At the PACIFICO conference in Japan, experts from industry, academia and government shared their experiences moving healthcare to digital management and sharing platforms.  In a session titled “Data governance: its importance in digital healthcare,” key leaders from public and private sectors discussed the growing role of digital data in transforming healthcare.  They also reviewed the measures to be taken by industries, governments and individuals to ensure fair use, security, protection and equitable healthcare solutions for all. The panel consisted of :

  • Prof. Makoto Suematsu, Professor, School of Medicine, Keio University
  • Keiichi Sato, Senior Director, Financial Services and Healthcare Industry
    Industries Transformation, Salesforce
  • Mr. Takuma Inamura, Director, Healthcare Industries Division, Ministry of Economy, Trade and Industry (METI)
  • Dr.

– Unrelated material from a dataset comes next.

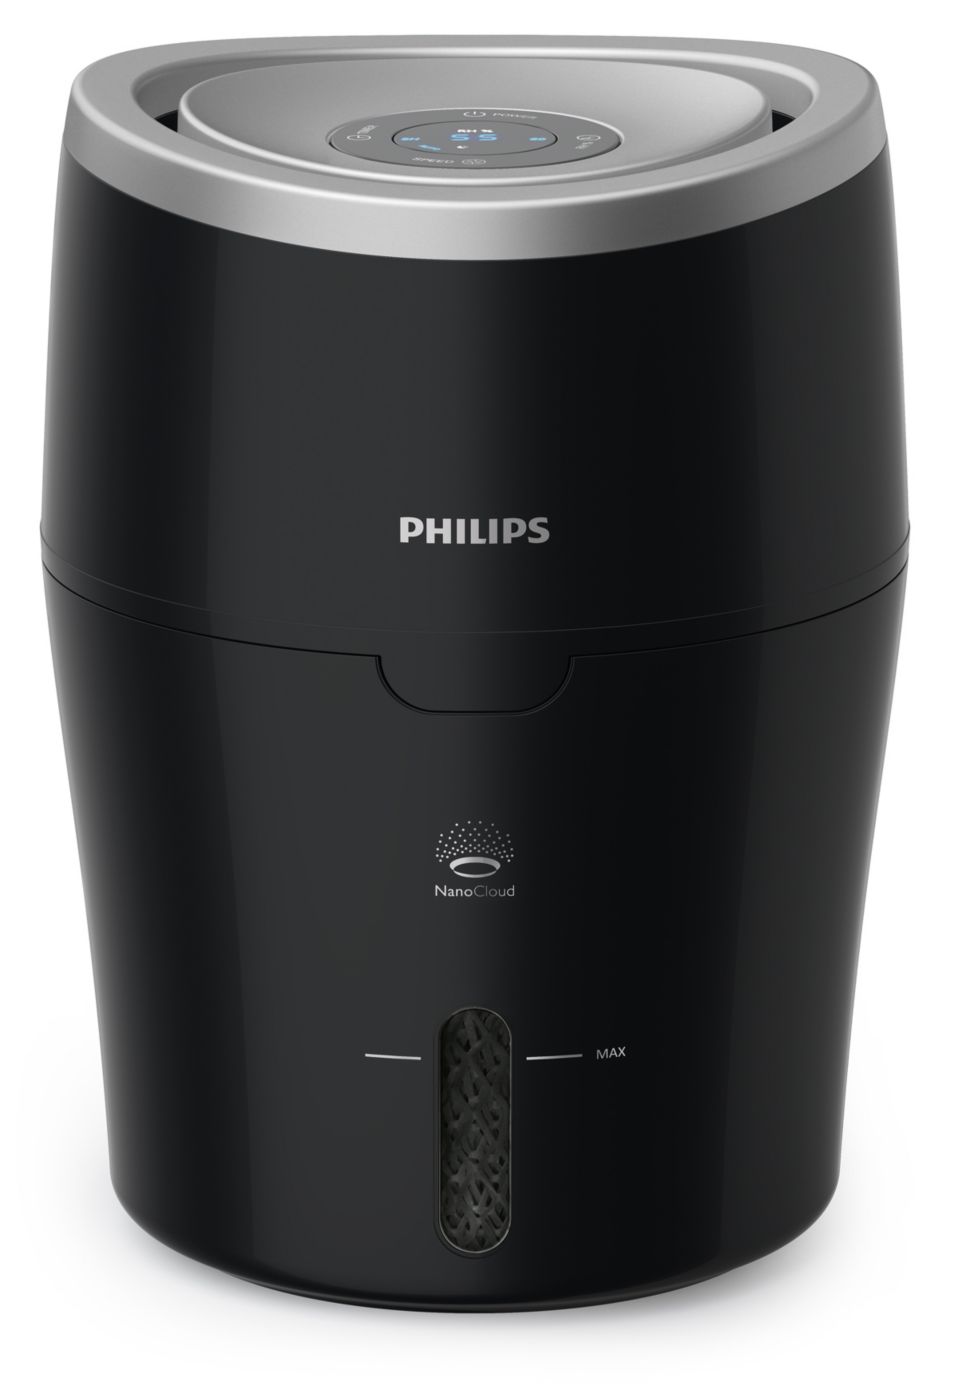 ② Humidificateur d'air Philips HU4813 — Équipement de traitement
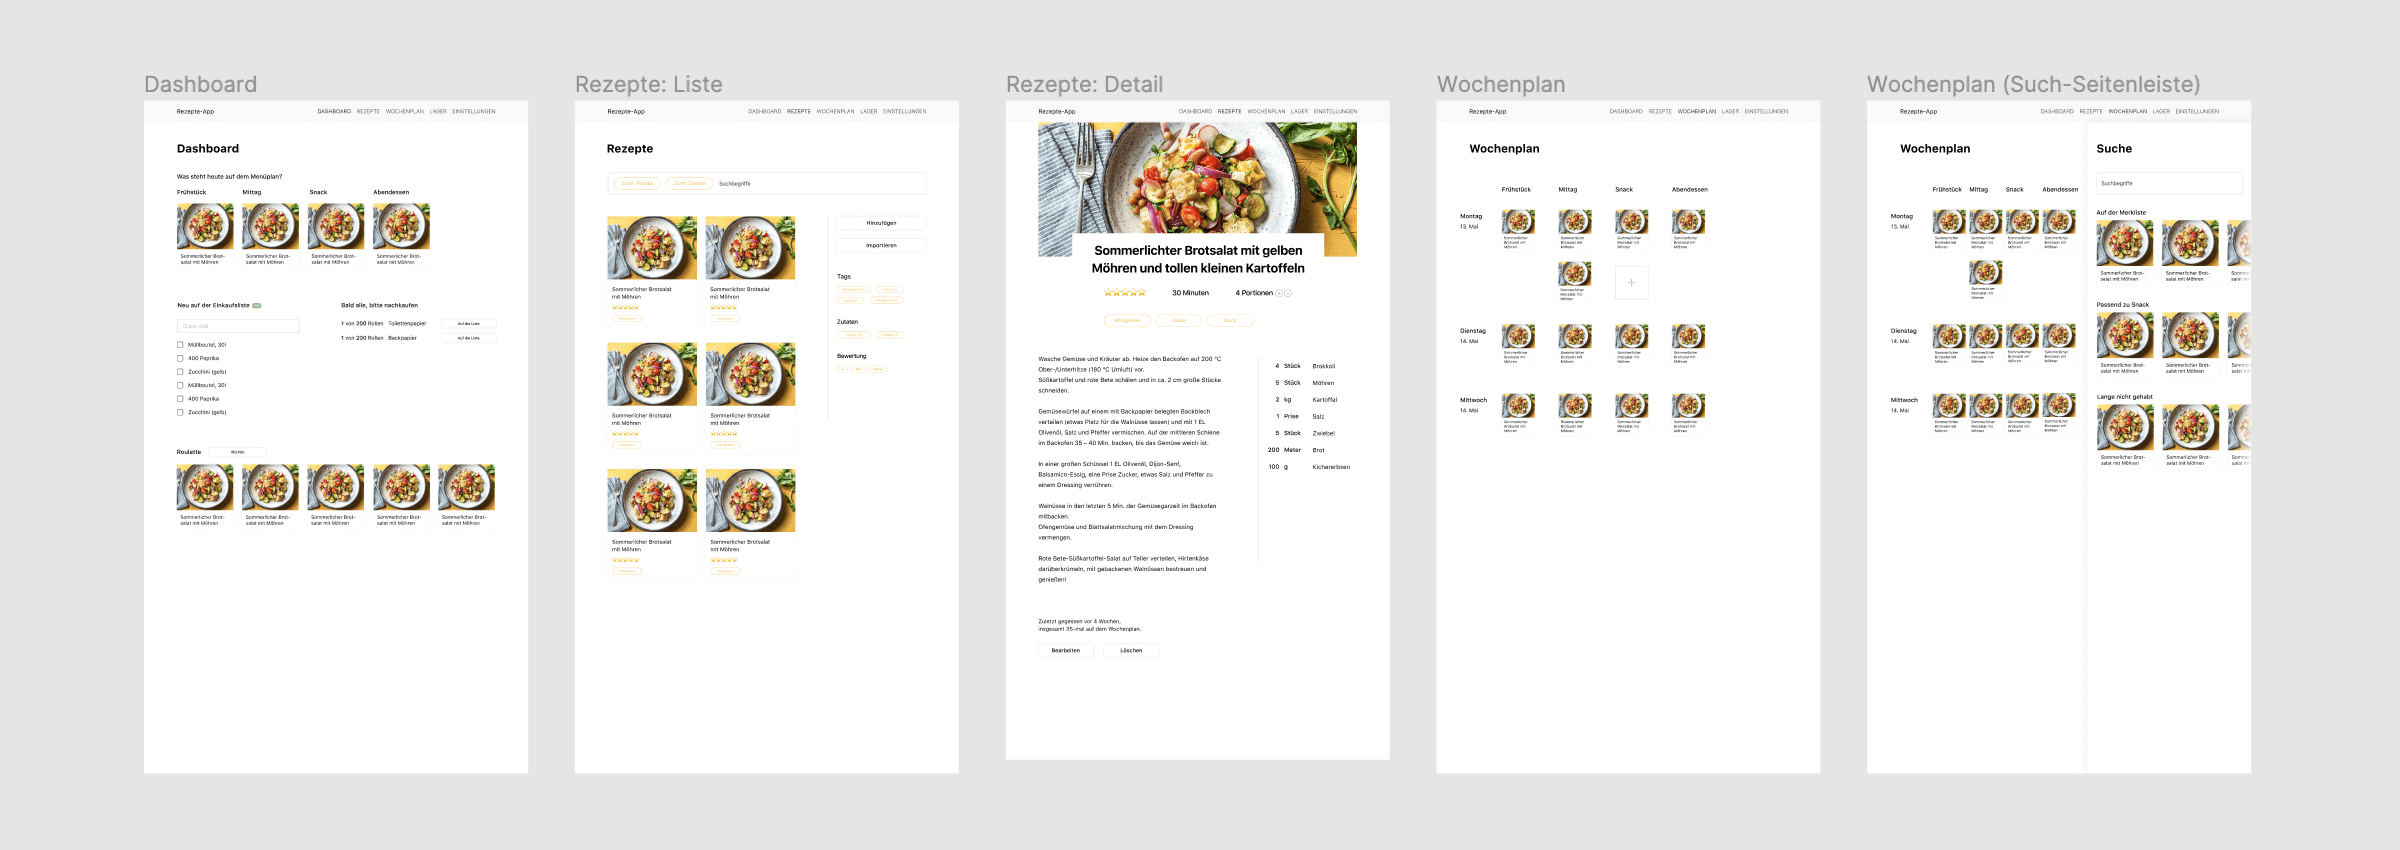 rezepte-app-design.png

Evren Eryurek, Director of Product Management at Google

 

Benefits of Global Data Sharing in Healthcare

 

Recalling the success of the network of Event Horizon Telescopes to capture the first image of the blackhole in 2020, Prof. Suematsu argued for a similar international multicentre collaboration to share patient data, which can help clinicians across the world treat their patients better. He mentioned Japan’s Initiative on Rare and Undiagnosed Diseases (IRUD) as a step in the right direction, an internationally compatible, comprehensive medical network that helps doctors share case data on undiagnosed cases and leverage the experience of others.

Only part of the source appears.